A great addition to any Mediterranean mezze, these delicious meatballs can be made with ground lamb or ground beef. You can also use cilantro or parsley instead of the chopped mint. Excellent with tatziki.
- 1 cup ground lamb
- 4 stalks green onions, chopped finely
- 2 tbs cooked long grain rice
- 2 tbs finely chopped fresh mint
- 1 tsp salt and pepper to taste
- 2 eggs, beaten
- oil for deep frying
- parsley for garnish
- In a bowl, combine ground lamb, green onions, rice, mint, salt and pepper. Use your hands to knead and mix.

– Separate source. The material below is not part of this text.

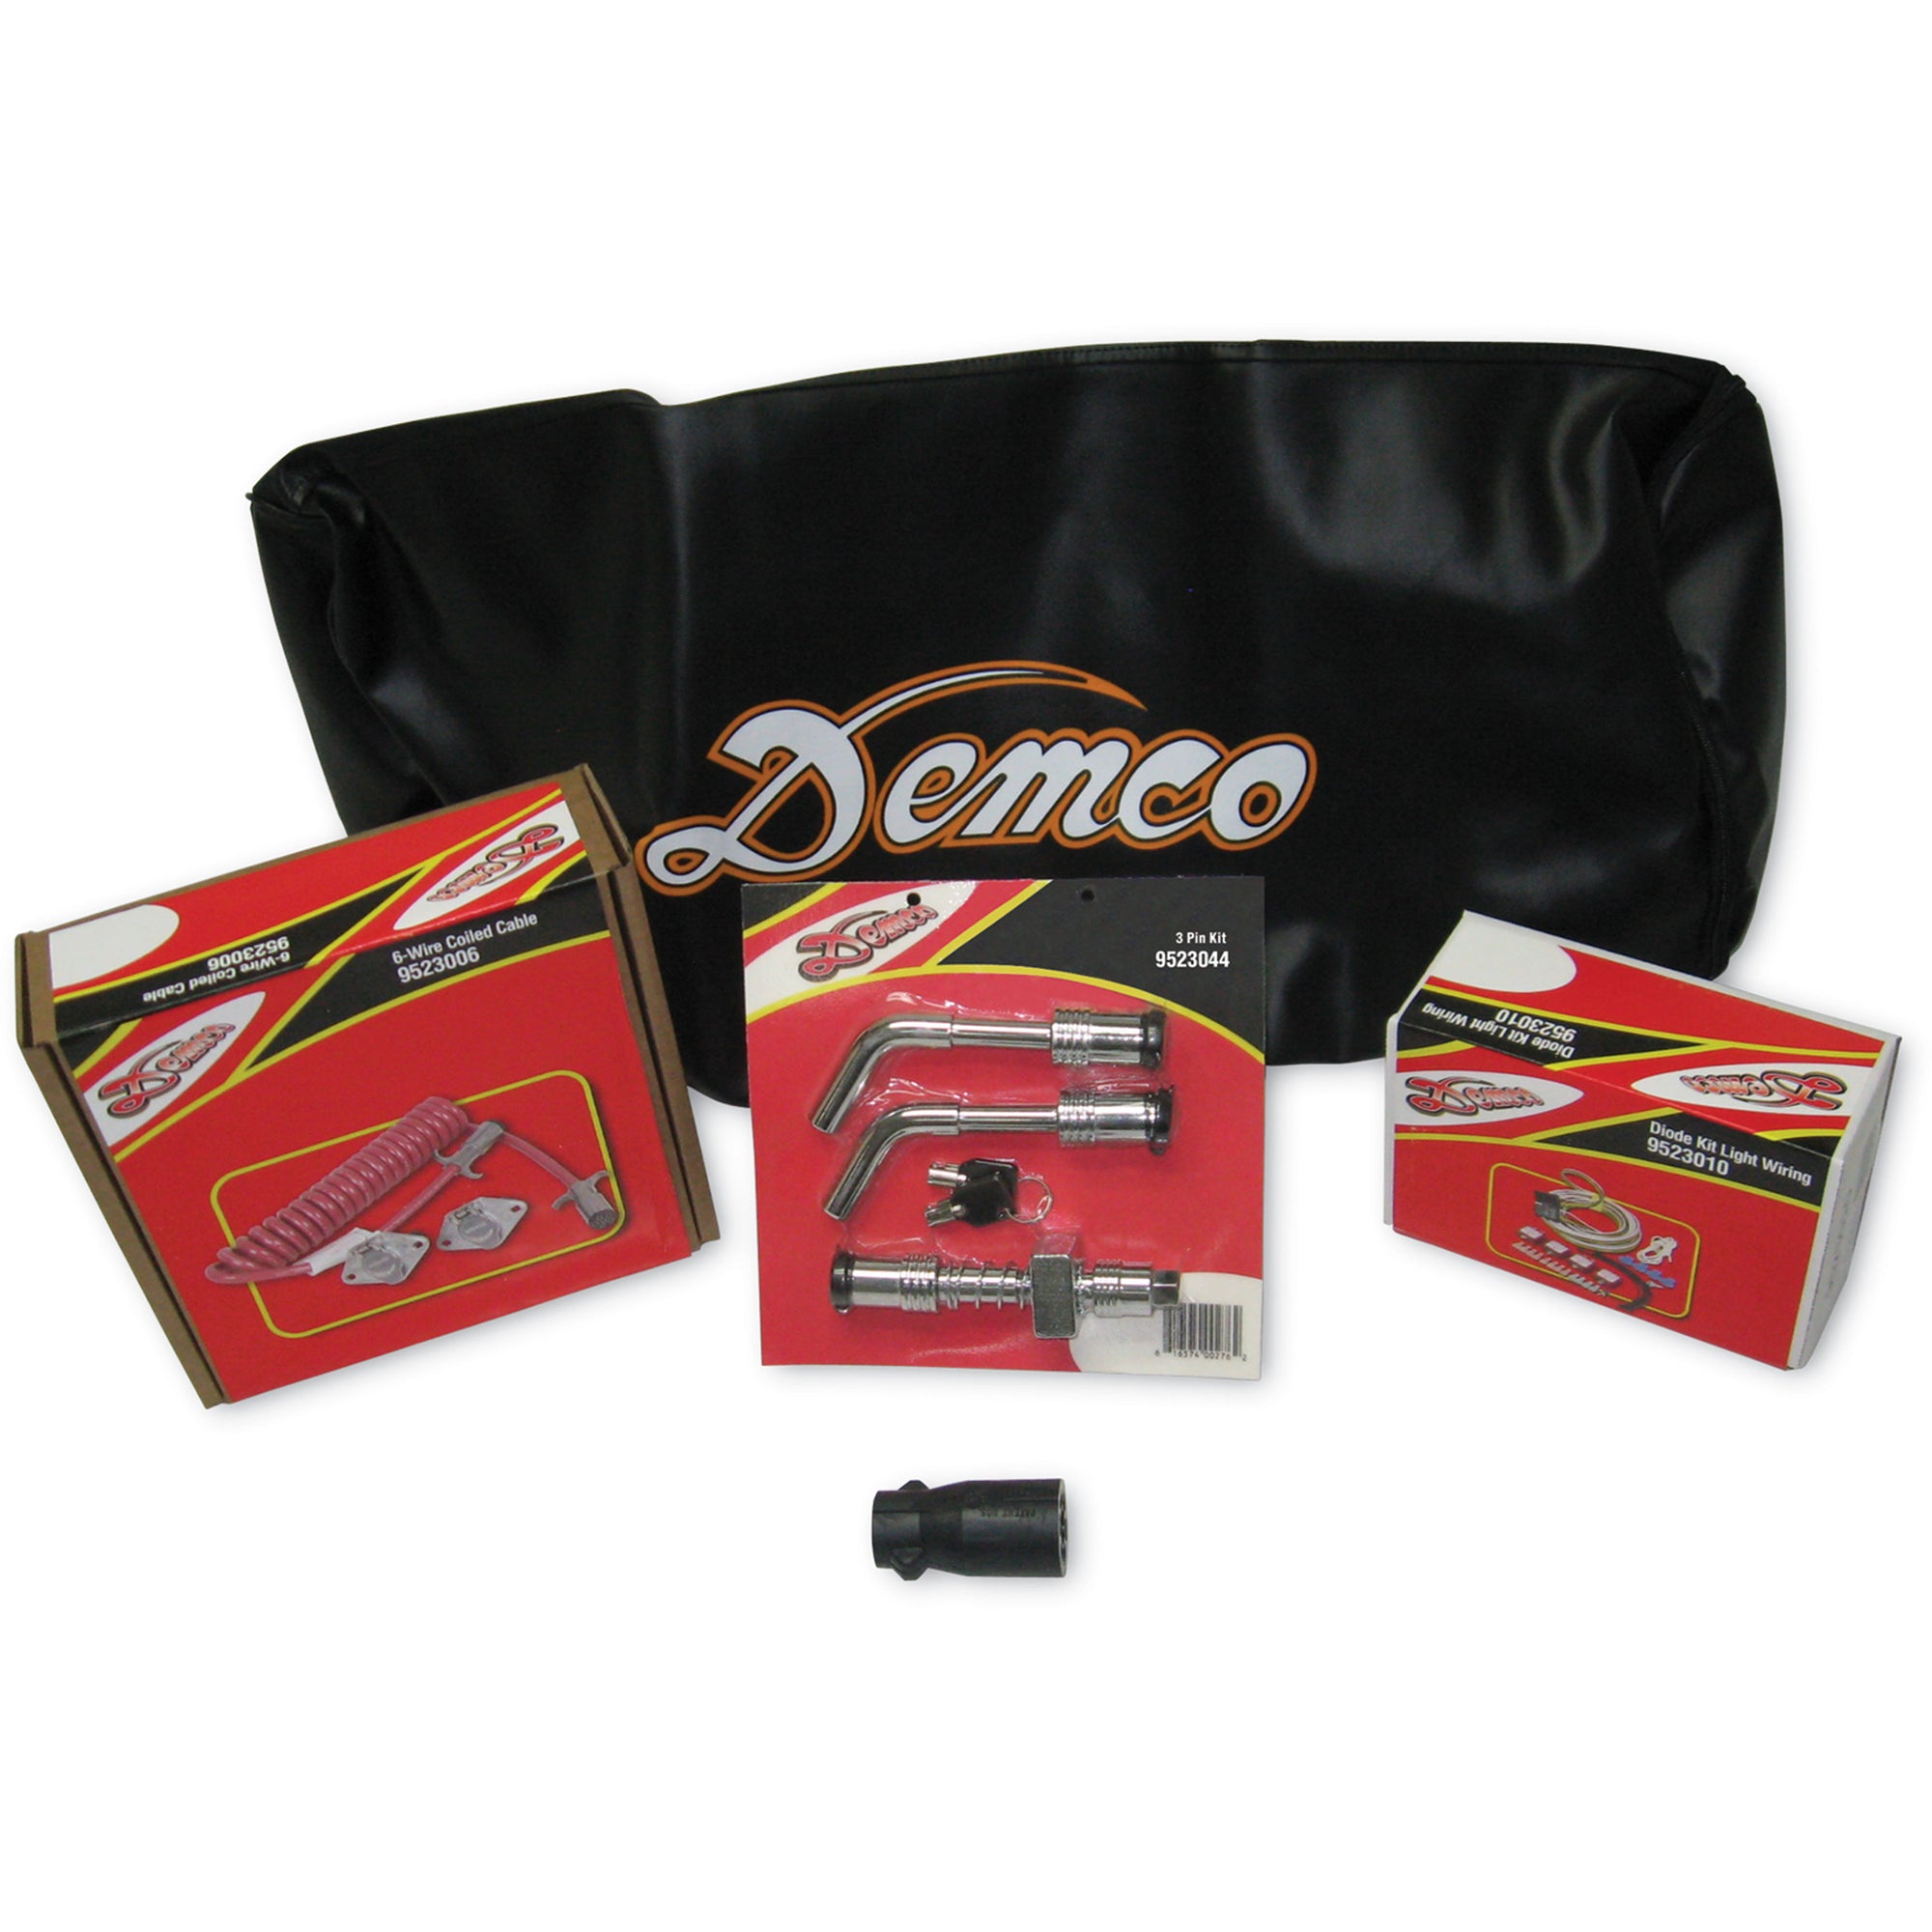 Demco 9523057 Towing Combo Kit - Diode System

- Roll mixture into 16 equal sized balls. If cooking later, you can wrap in plastic at this point and refrigerate for several hours.

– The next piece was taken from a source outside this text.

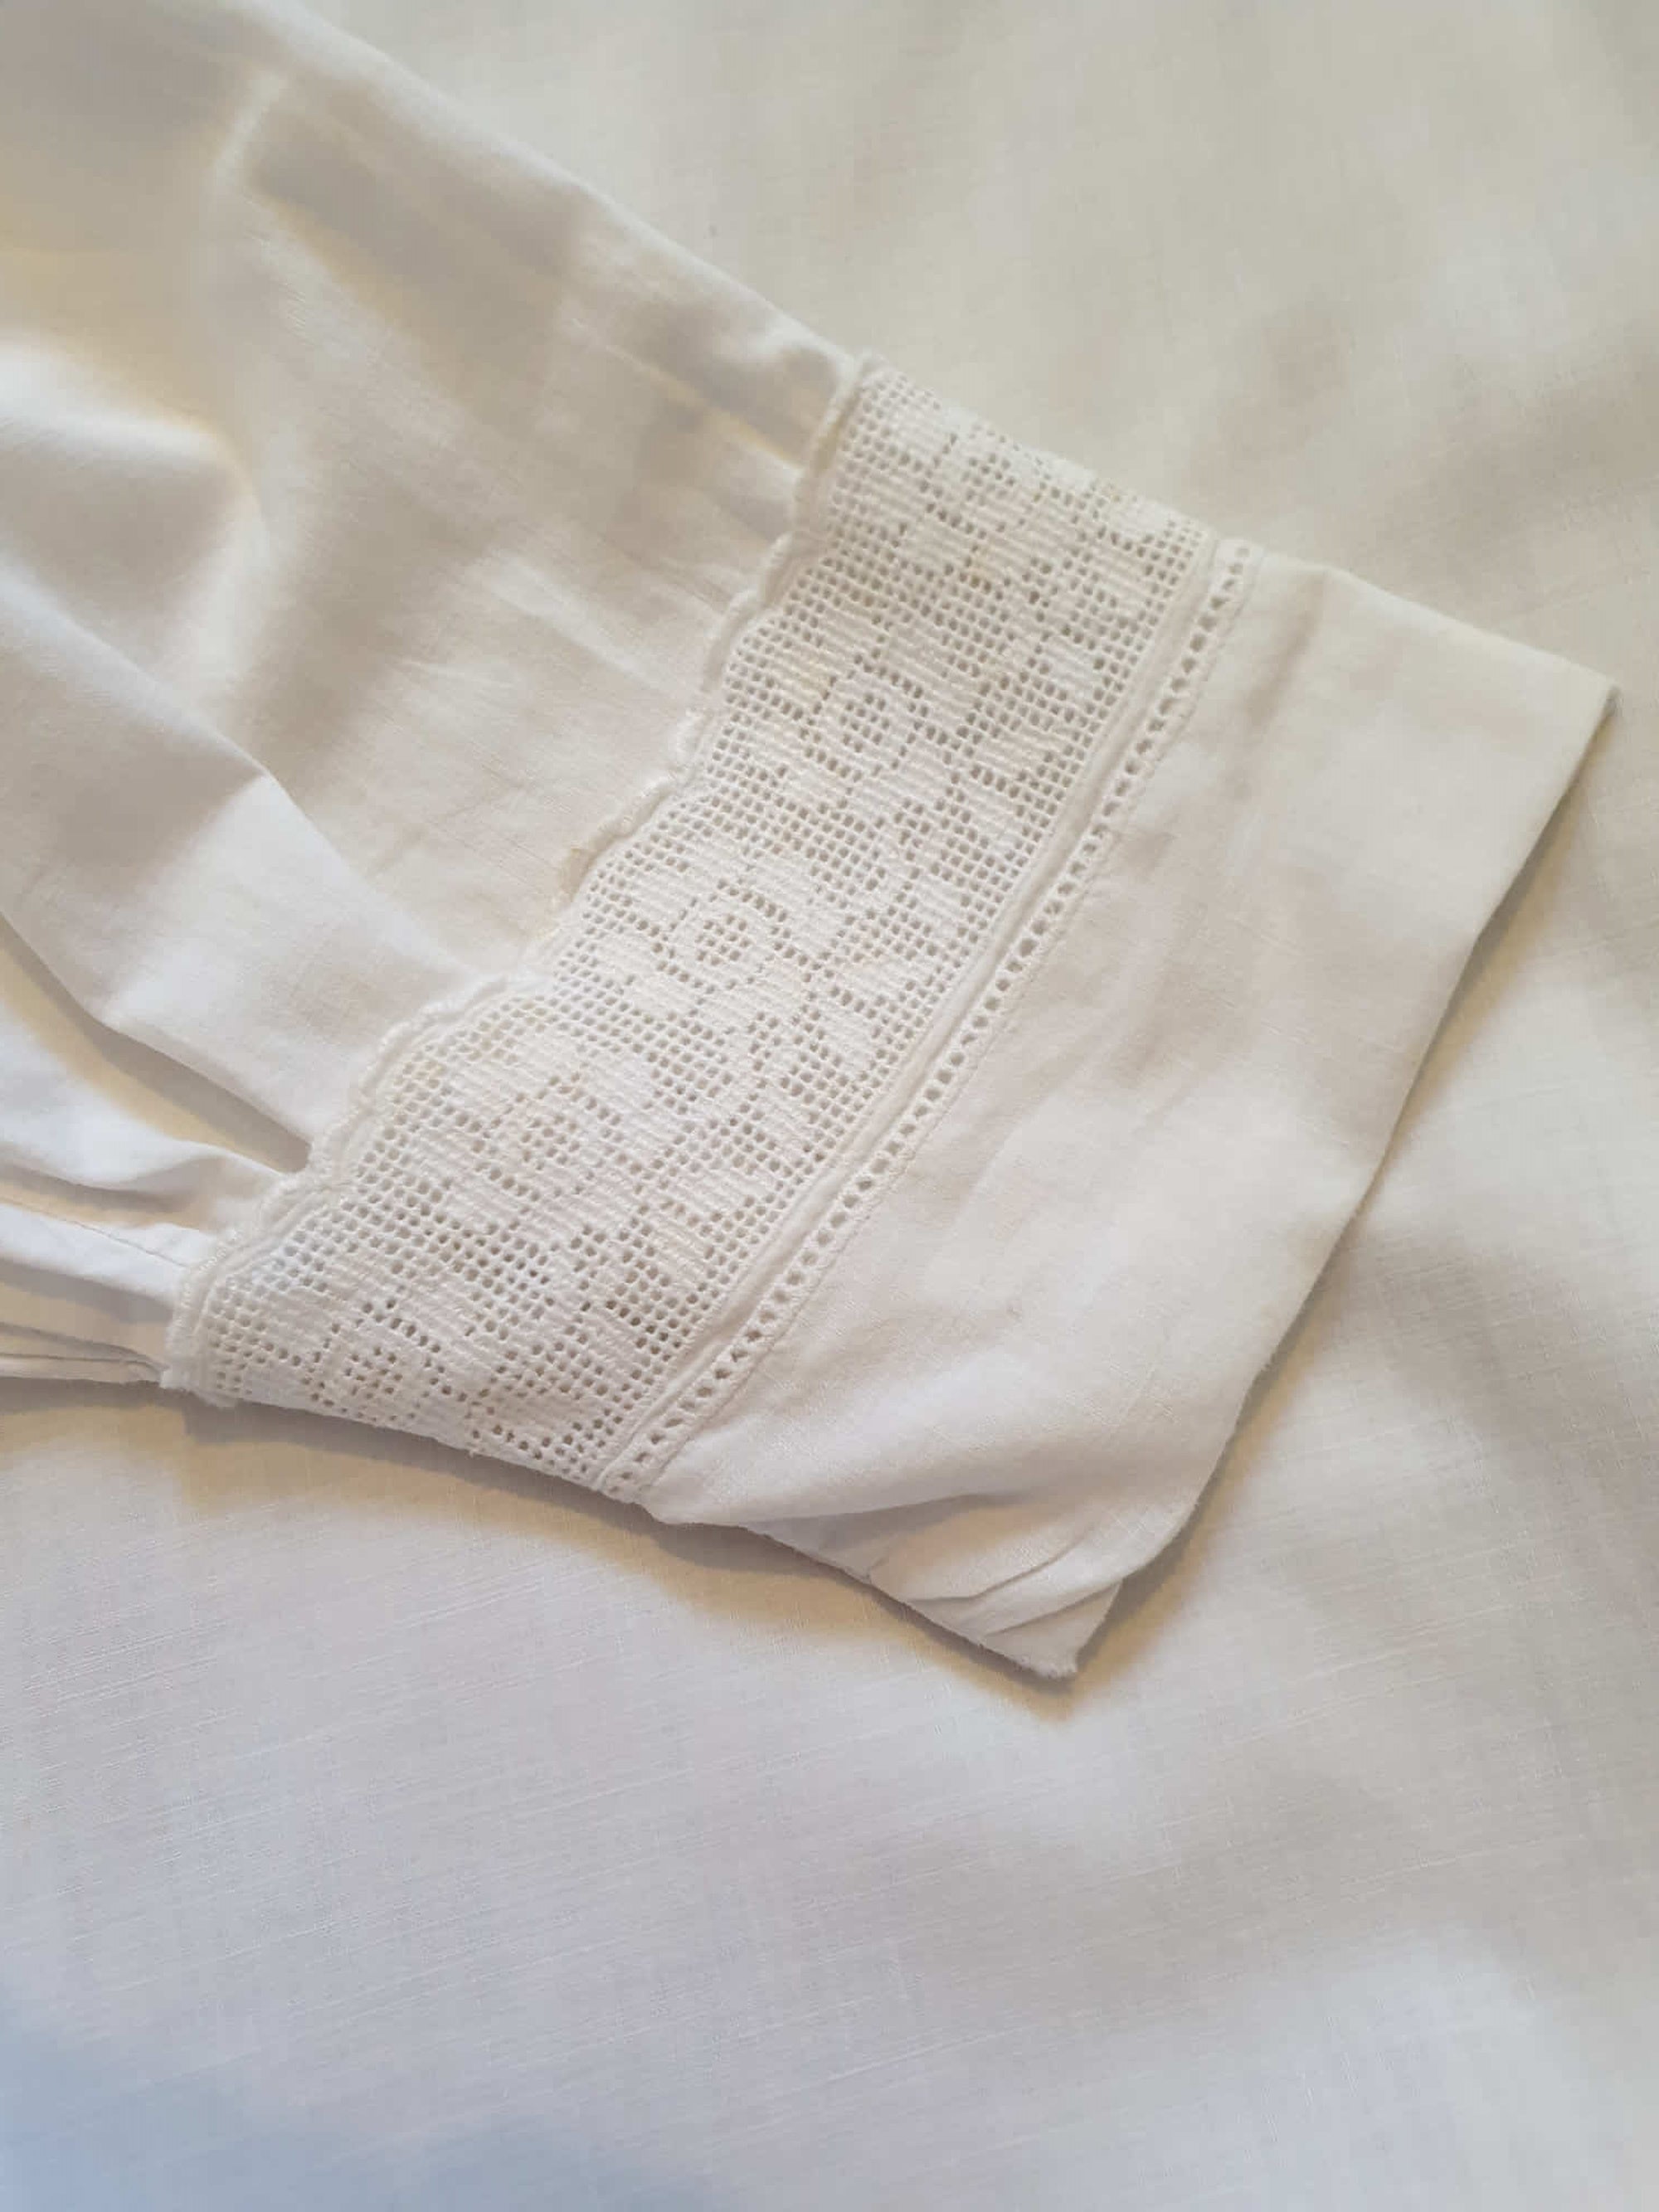 Antique edwardian white cotton nightgown with filet lace and embroidery detail medium

- Put meatballs in a saute pan or skillet in one layer. Pour enough boiling water to cover (about 2 inches of water). Boil then reduce heat to low and simmer for 20 – 25 minutes. You can cut one open to check if cooked. Remove with a slotted spoon and drain on a plate lined with paper towels.
- Heat oil in a pan to 350F. Using 2 forks or a pair of tongs, dip meatballs in egg making sure it is covered all over. Drain any excess egg then add to oil in batches.
- Cook for 5 – 6 minutes or until brown and crisp all over. Keep turning to cook evenly. Serve hot and garnish with parsley.